LOCAL SYMPATHY FOR THE PLIGHT is muted, even from those in the medical field. Larry Davy, CEO of Wallowa County Health Care District, which runs Wallowa Memorial, chalks up some of doctors’ struggles to their own fussy ways.

“I don’t think we’re in imminent danger with this issue,” Davy says. “Physicians tend to get tunnel vision focused on patient care. When society pushes other issues into their lap they get frustrated and grumpy.”

Both Tingelstad and Grandi realize how their complaints play in a town where quality jobs are scarce, and so tend not to voice certain opinions very loudly, if at all.

“I still make five times what other people make. I have horses. I go on vacation,” Grandi says. “So it’s hard to cry to the public about it.”

The Wallowa County community rallied to support doctors in 1989 when Euhus and Siebe were the only physicians covering the Wallowa Memorial emergency room.

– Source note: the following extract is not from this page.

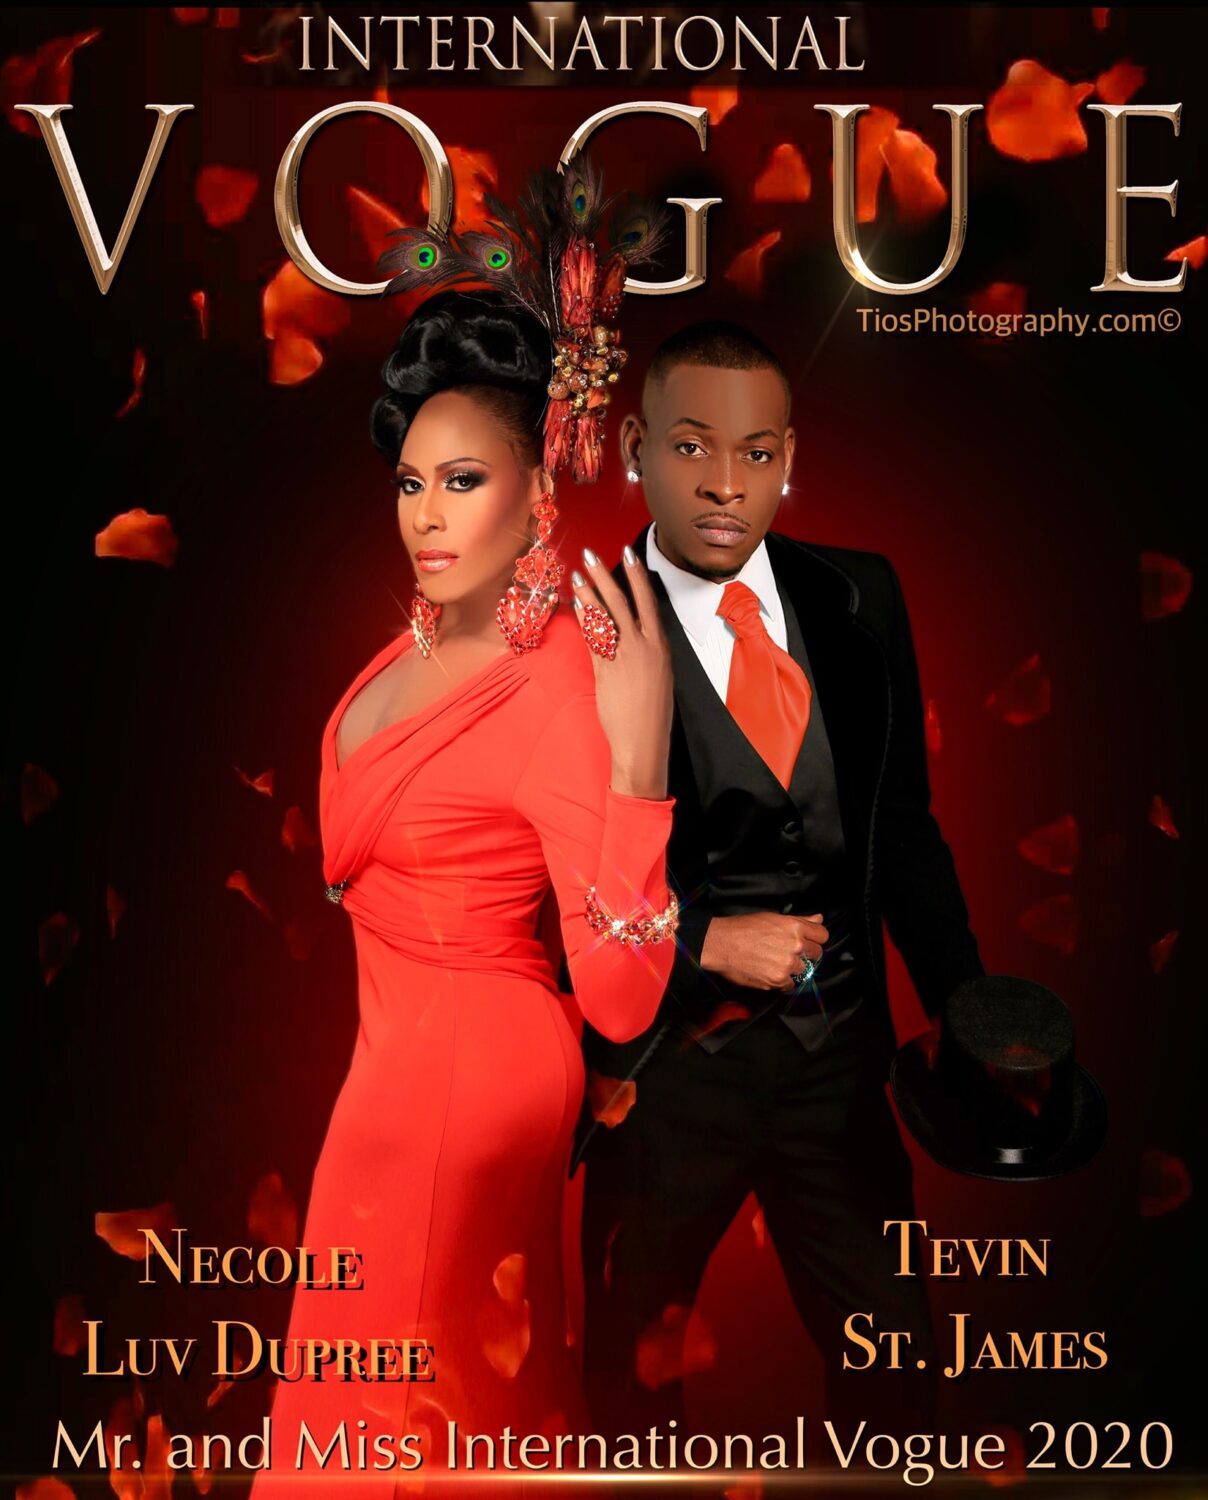 Necole Luv Dupree and Tevin St. James | Promotional Photos for Mr. and Miss International Vogue 2020

The two convinced the county to pay a third doctor to pinch hit in the ER three days a month, but only when they threatened to both leave town one weekend with their fishing poles.

Davy doubts that Wallowa County, now building a new hospital, would step up again to help doctors stretched by Medicare.

Euhus is not sure, however. Life may have been more difficult for his generation of local practitioners, but it’s the new generation of doctors — in demand across the country and often in a lot of medical school debt — that will serve the community. And that’s the reality Enterprise has to live with.

“In the past, you’d pull up your bootstraps and get on with your life,” he says. “But I can see a lot of doctors flinging up their hands and leaving. I would hate to see docs leaving here, but sometimes it takes a jolt to get someone’s attention.”

Already, one doctor in town is unclear about his future, especially if the federal payment picture worsens.

“I would love to stay here,” Tingelstad says. “But we’re not silly enough to stay and risk too much.”